If you want to initialize an execution space other than those that Kokkos initializes by default,
you \emph{must} initialize it explicitly in code, by calling its \lstinline!initialize()! method and passing it the appropriate arguments.
Furthermore, if the associated host execution space of an execution space is not identical to the latter, the host execution space must be initialized first.
For example, if you have set the default execution space to \lstinline!Kokkos::Serial!,
but want to use \lstinline!Kokkos::Cuda! and \lstinline!Kokkos::OpenMP!,
you must initialize \lstinline!Kokkos::OpenMP! before \lstinline!Kokkos::Cuda!.
The initialization calls take different arguments for each of the execution spaces.

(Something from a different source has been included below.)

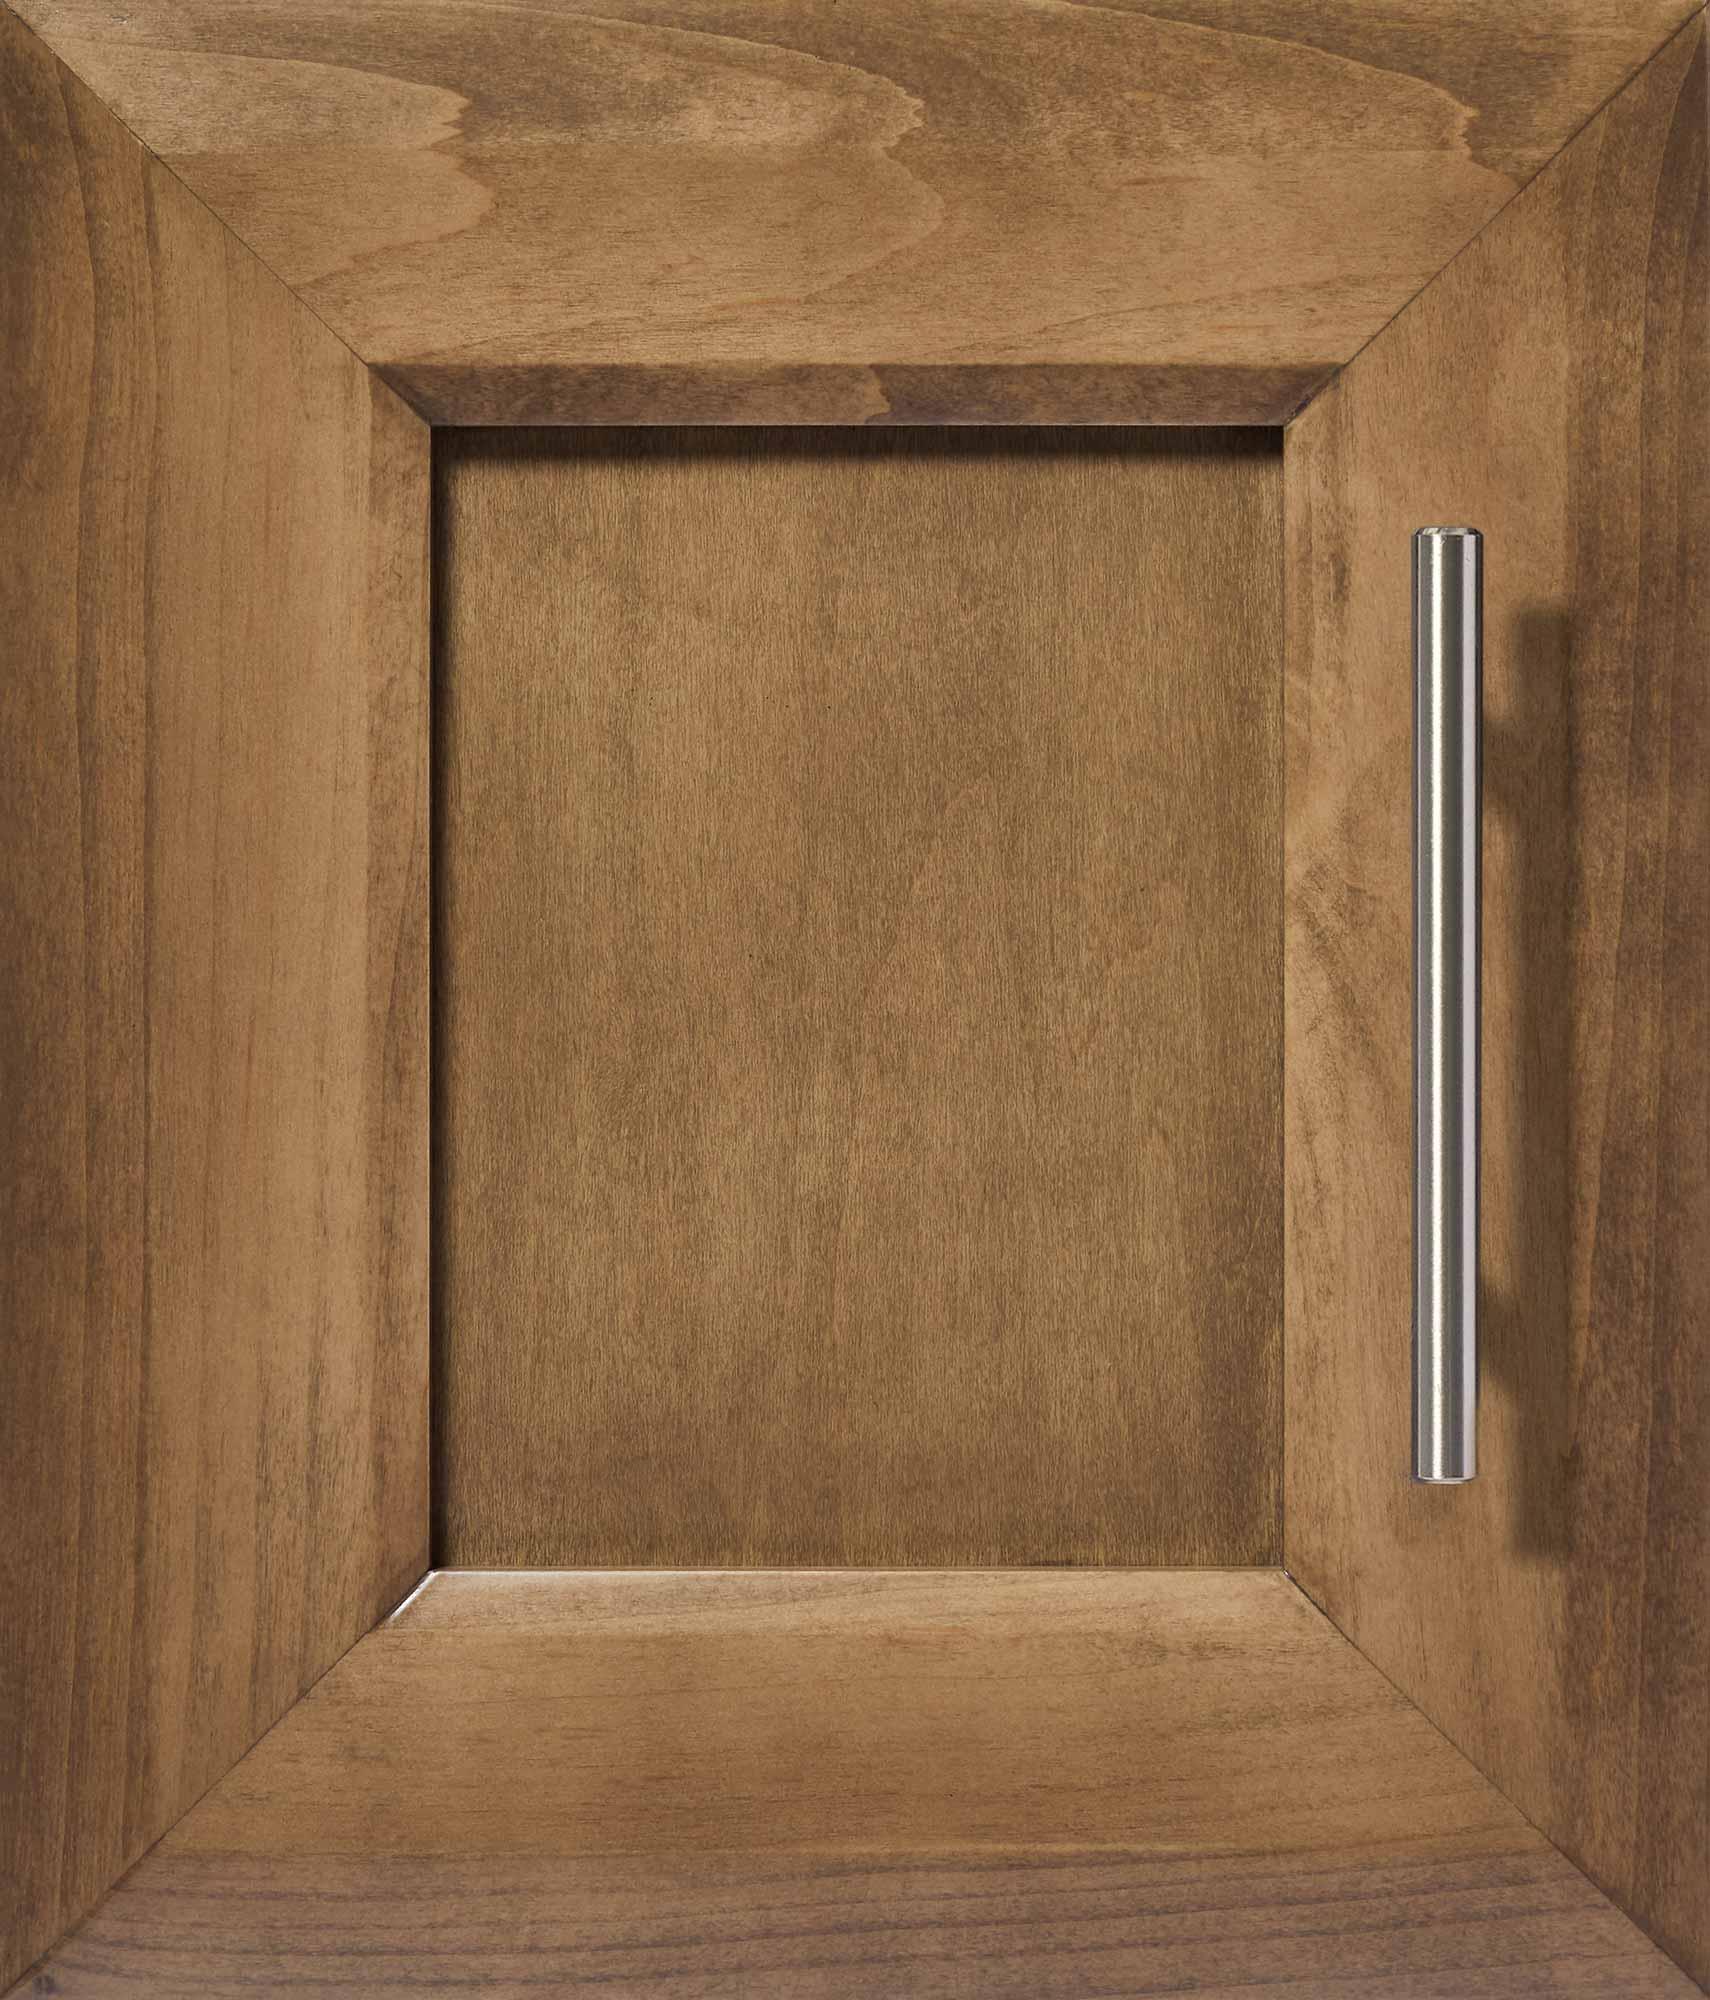 Sanibel Cabinetry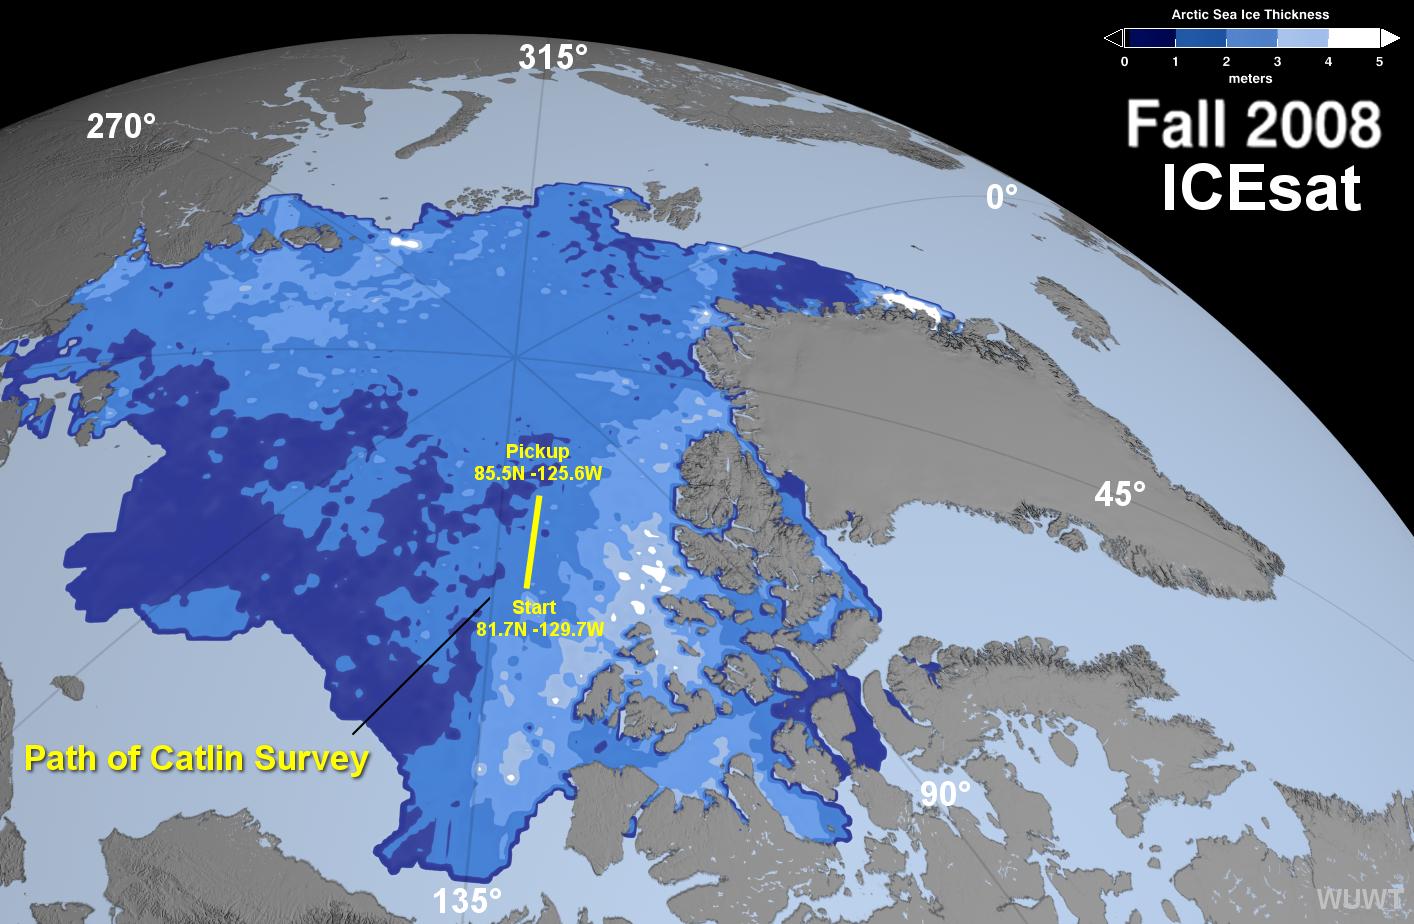 Catlin Arctic Survey Path over ICEsat map

We do \emph{not} recommend initializing multiple host execution spaces,
because the different spaces may fight over threads or other hardware resources.
This may have a big effect on performance.
The only exception is the \lstinline!Serial! execution space.
You may safely initialize \lstinline!Serial! along with another host execution space.
\section{Finalization}\label{S:init:finalize}
At the end of each program Kokkos needs to be shut down in order to free resources.
Do this by calling \lstinline!Kokkos::finalize()!.
You may wish to set this to be called automatically at program exit,
either by setting an \lstinline!atexit! hook
or by attaching the function to \lstinline!MPI_COMM_SELF!,
so that it is called automatically at \lstinline!MPI_Finalize!.